* _Data segment_:
^^^^^^^^^^^^^^^^

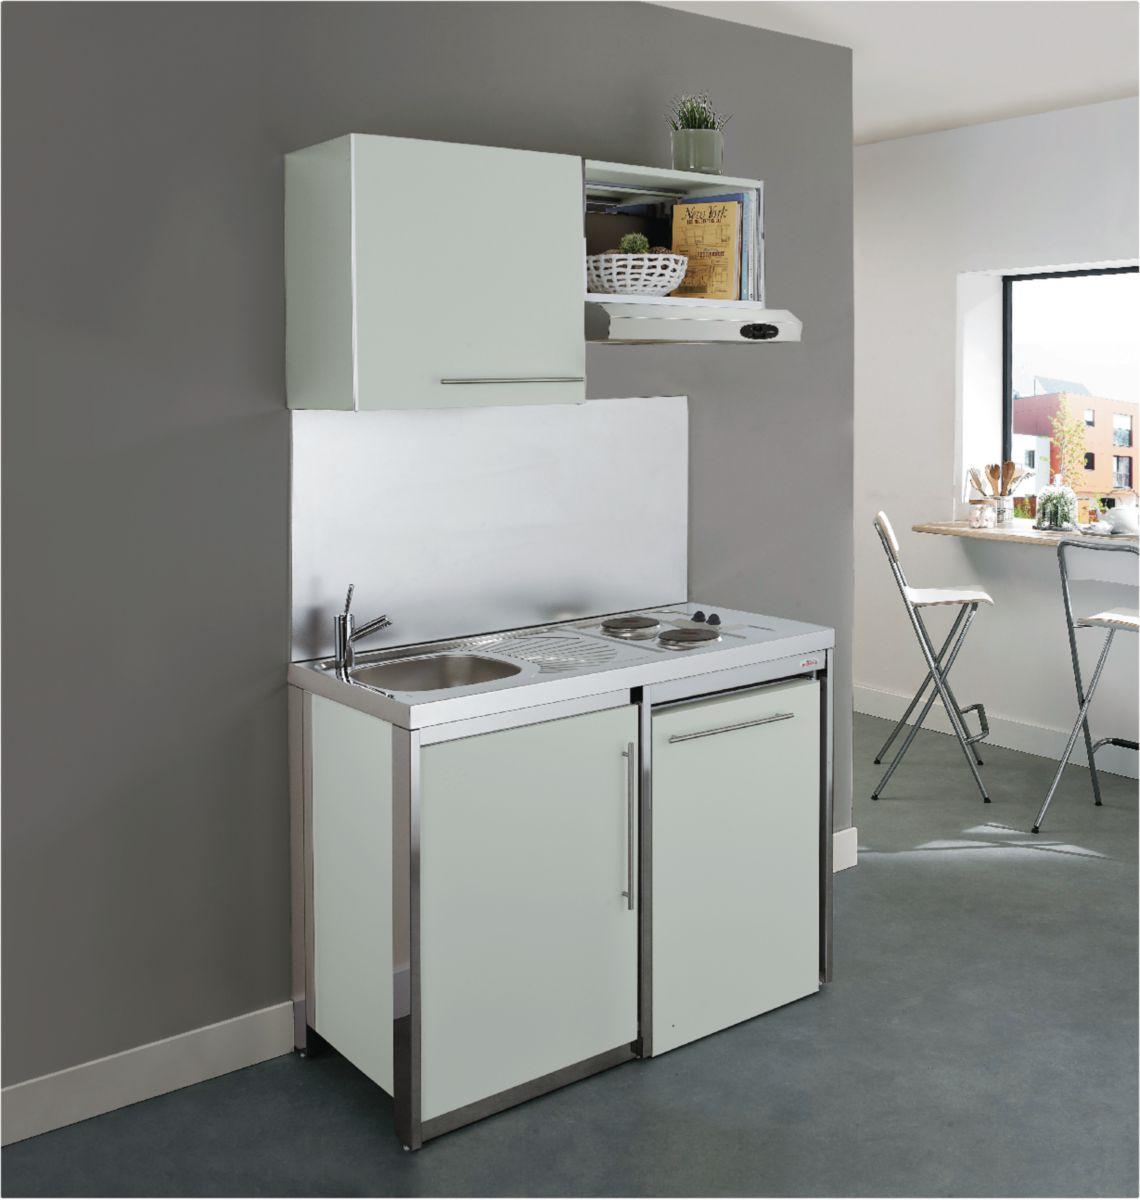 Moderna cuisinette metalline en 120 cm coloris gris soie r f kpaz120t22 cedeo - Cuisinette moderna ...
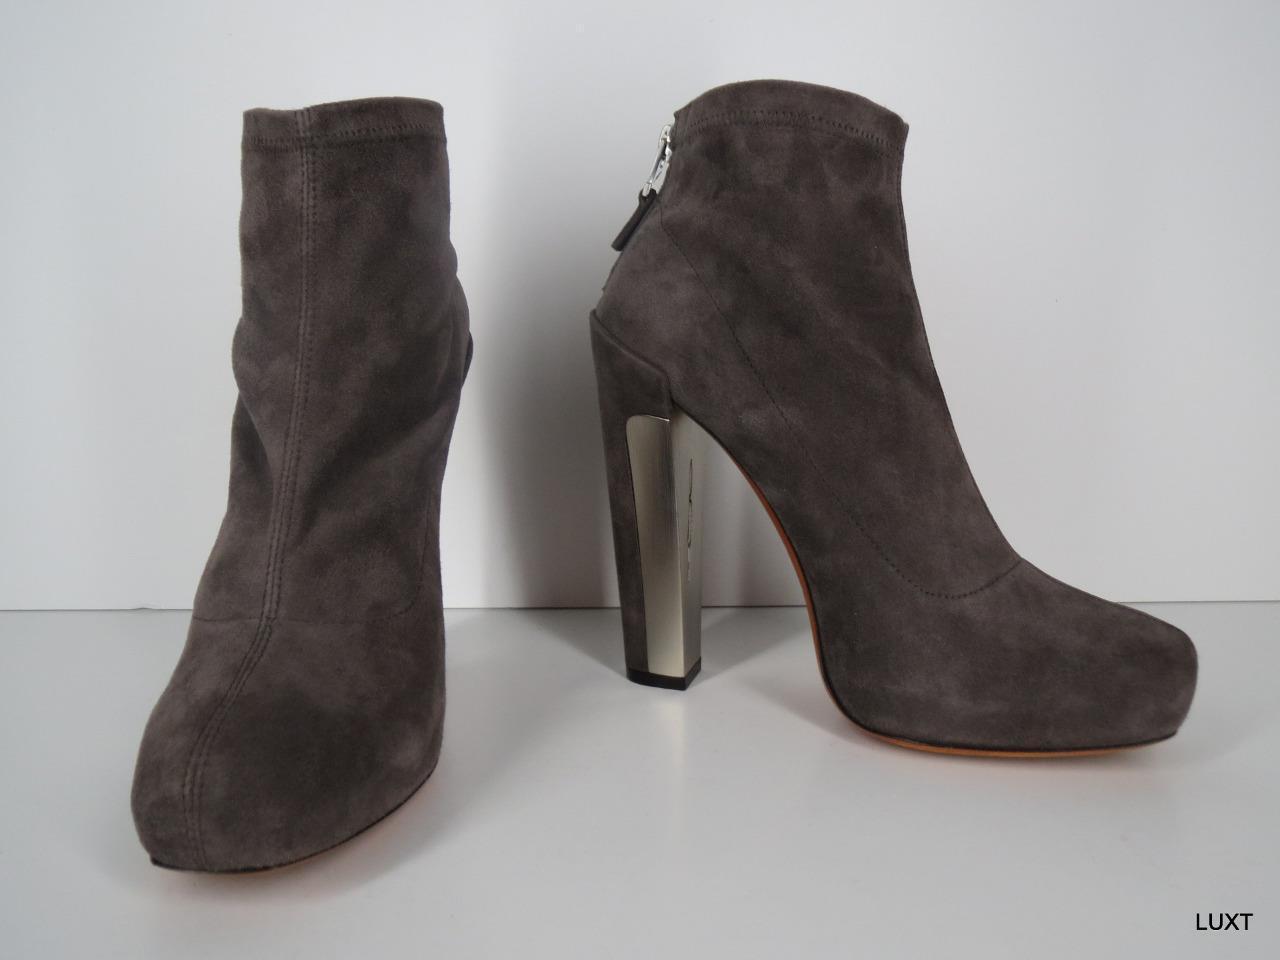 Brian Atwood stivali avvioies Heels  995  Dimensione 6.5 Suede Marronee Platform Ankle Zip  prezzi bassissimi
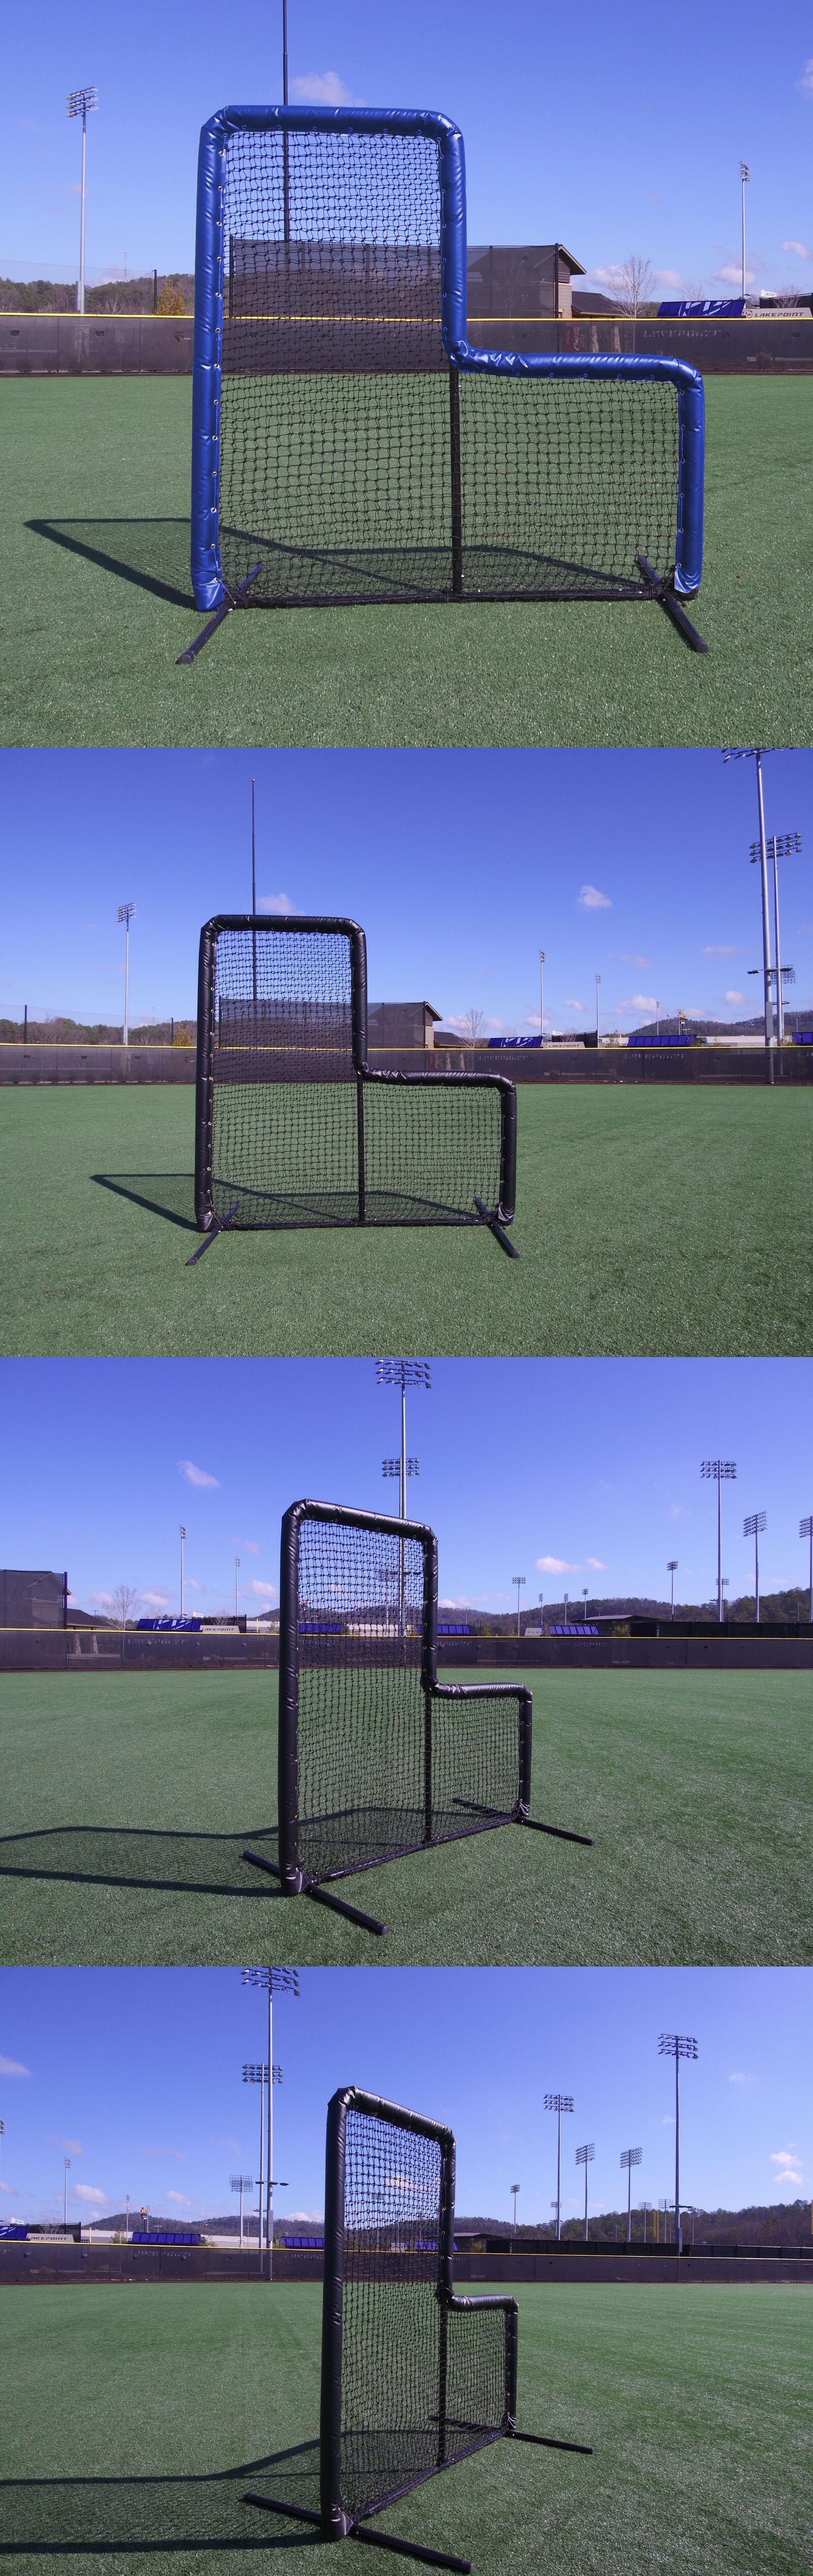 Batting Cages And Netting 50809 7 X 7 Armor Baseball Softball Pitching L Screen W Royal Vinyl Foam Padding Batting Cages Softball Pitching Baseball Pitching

^^^^^^^^^^^^^^^^

* _What to do_:
Repeat the material above in full and unchanged, minus its images.

* _Written response_:
 Moderna cuisinette metalline en 120 cm coloris gris soie r f kpaz120t22 cedeo - Cuisinette moderna ...
 Brian Atwood stivali avvioies Heels  995  Dimensione 6.5 Suede Marronee Platform Ankle Zip  prezzi bassissimi
 Batting Cages And Netting 50809 7 X 7 Armor Baseball Softball Pitching L Screen W Royal Vinyl Foam Padding Batting Cages Softball Pitching Baseball Pitching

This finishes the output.